Discussion in 'Architecture and Products' started by Rys, Sep 30, 2009.

  1. Jawed

    Legend

    Joined:
    Oct 2, 2004
    Messages:
    11,716
    Likes Received:
    2,137
    Location:
    London
    I couldn't be bothered to read that closely, but I suspect what's going on there is that the compression is used to cater for horizontal or vertical register file addressing. i.e. registers can be allocated in either direction, depending on access pattern in instructions. One or the other layout then plays ball with compression.

    Oh and the main instruction issue patent document, since I stumbled upon it:

    http://v3.espacenet.com/publication...7214343A1&KC=A1&FT=D&date=20070913&DB=&locale=

    The title uses "out of order" to refer to hardware threads, rather than intra-thread instruction ordering.

    Compilation can be used to re-order instructions for minimal hazards per issue clock:
    But, regardless, because instruction issue is keyed upon register-dependency:

    intra-thread instructions can issue out of order. With the proviso that the document isn't a 100% guarantee of what's inside a GPU...

    Actually it's possible to read that as merely stating that the hardware-thread ordering isn't necessarily maintained by issuer 506.

    Anyway we agree, whichever way we take it, the fine-grained register-dependency and operand-readiness scoreboarding is relatively costly.

    Jawed
     
  2. PSU-failure

    Newcomer

    Joined:
    May 3, 2007
    Messages:
    249
    Likes Received:
    0
    In fact, it's not totally true.

    Cypress shows a bad scaling compared to Juniper CF (-> AFR), but at the same time playability is more in line with Cypress than CF, pointing out to system limitation.

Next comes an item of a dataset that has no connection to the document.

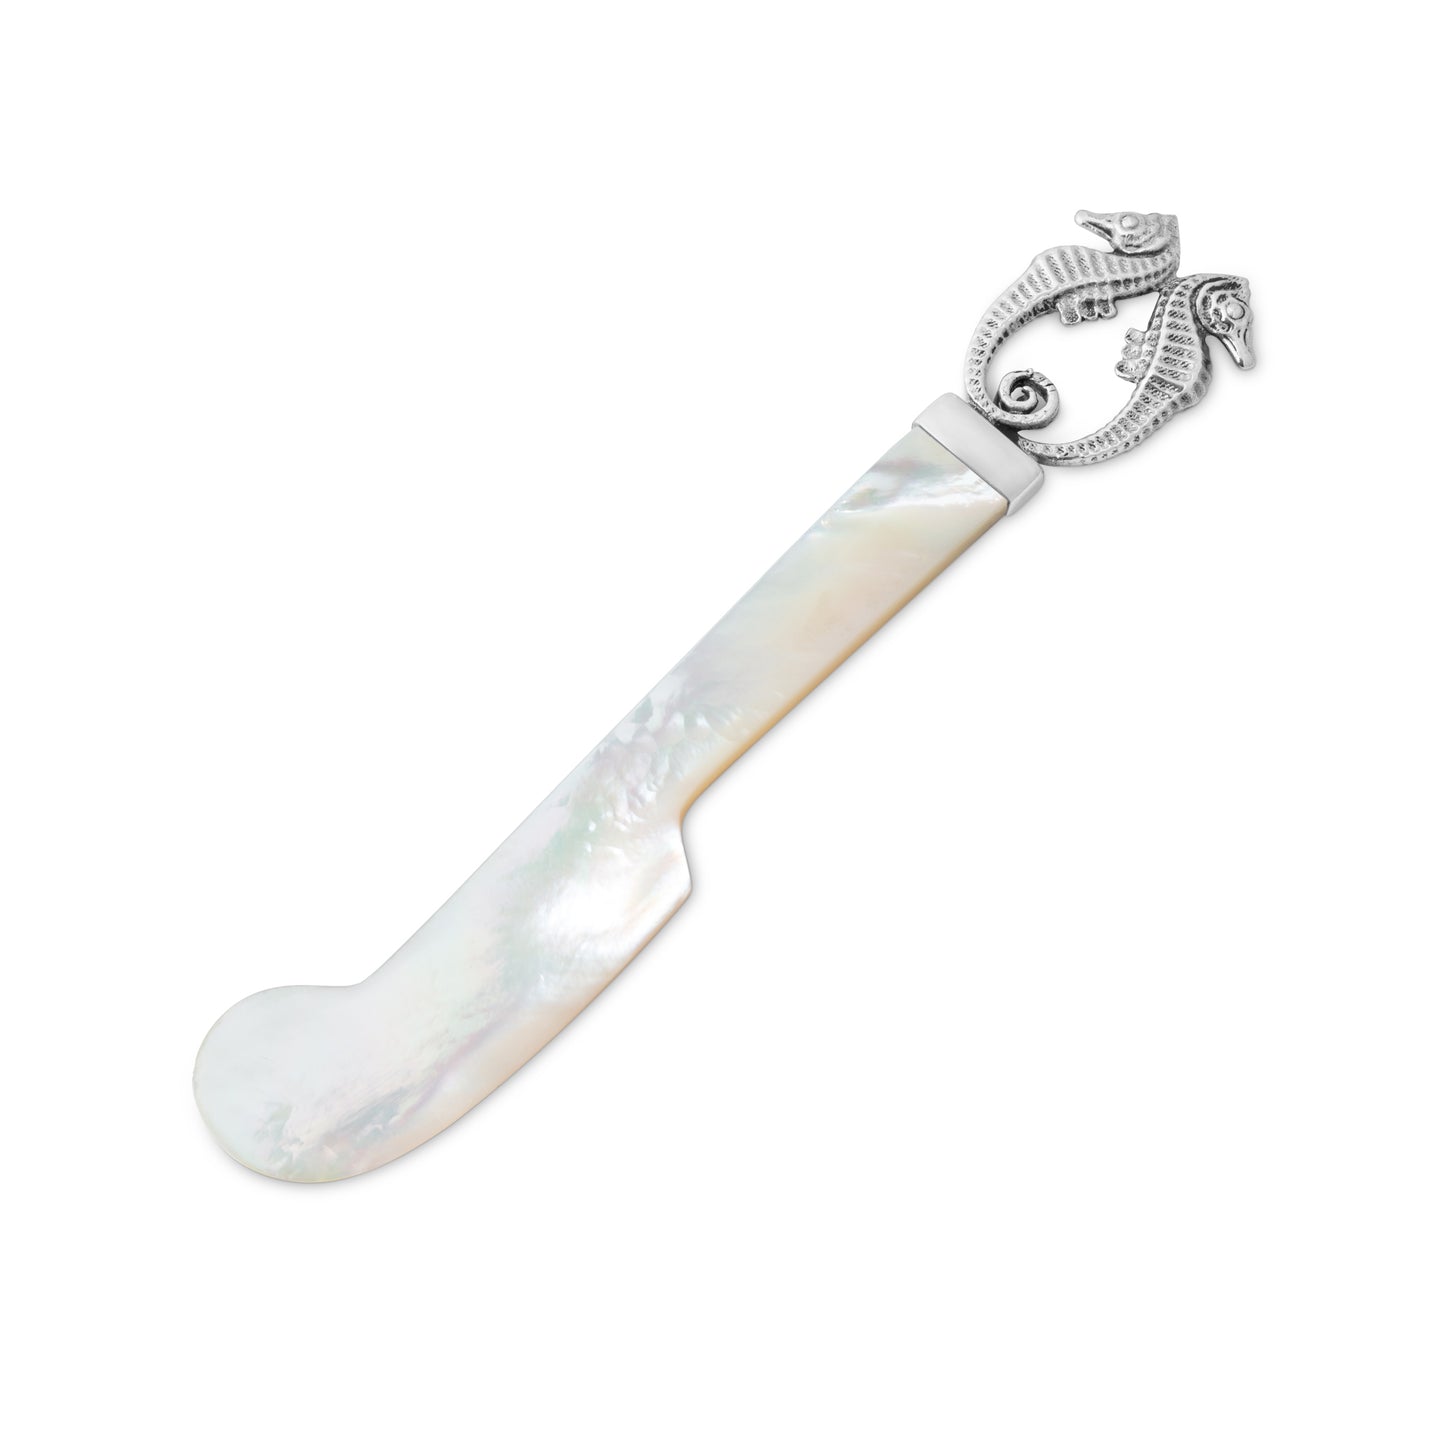 Seahorse Caviar Spreader in Sterling Silver & Mother of Pearl
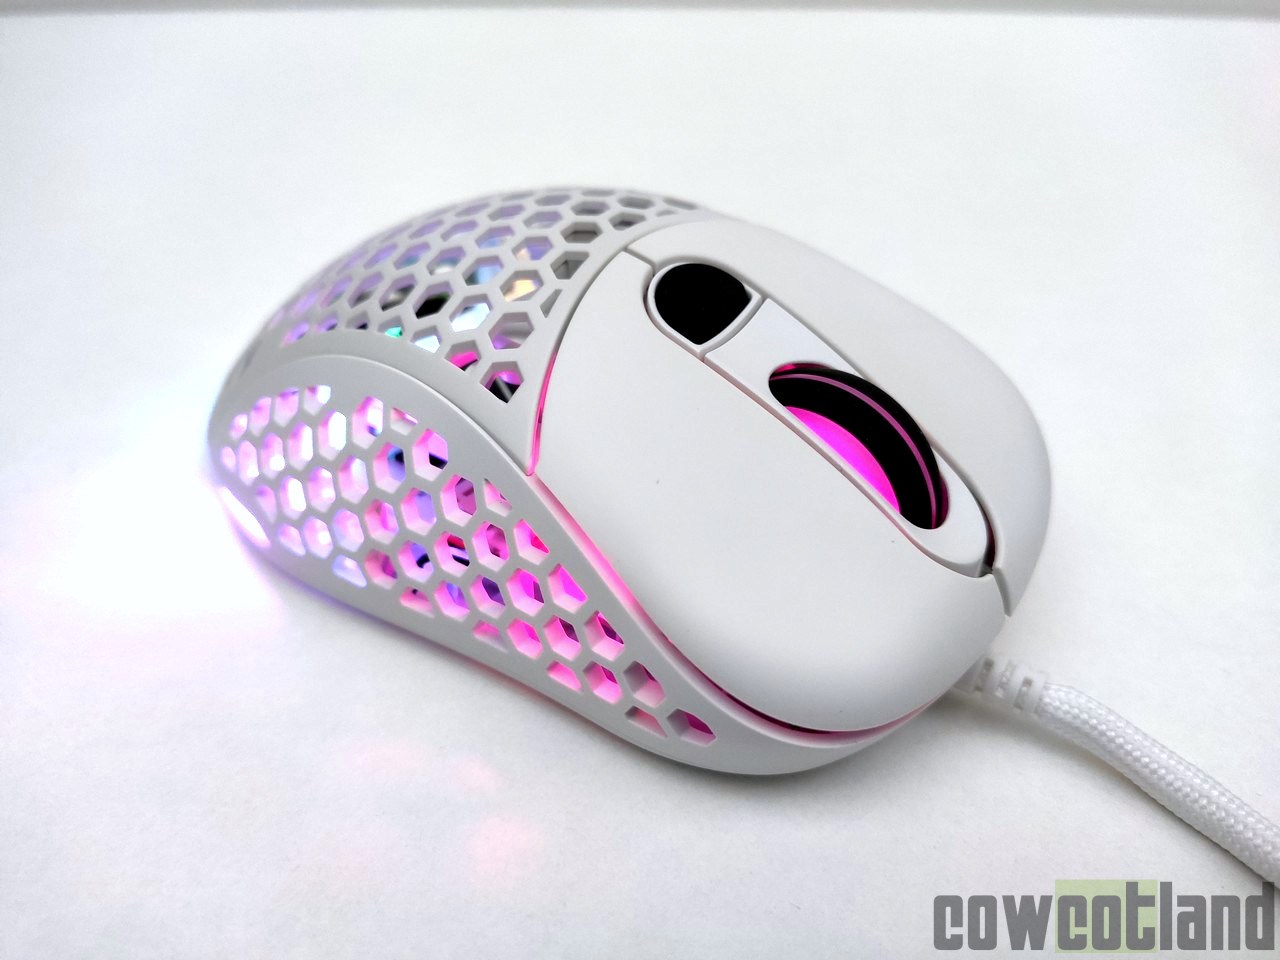 Image 43511, galerie Test souris Gaming Sharkoon Light 200 : Zowie-Killer ?

    Try a frametimes record on some scene, and you'll probably see huge variations on the CF while the single board will only show a big variation. From my numbers on Heaven, Juniper XT managed to render each frame in between 5 to 200ms, that's what I call big... imagine what it will give with AFR since each GPU has to wait for the other one to complete to "finalize" its frame... that will probably give like 0-200ms, so a perceivable stuttering while average framerate is almost doubled.

    Now, if you take the exact same benchmark with one Cypress, you'll end up with 5-100ms render time per frame, so average framerate is almost equal to Juniper CF but stuttering will be much less visible although it's still there.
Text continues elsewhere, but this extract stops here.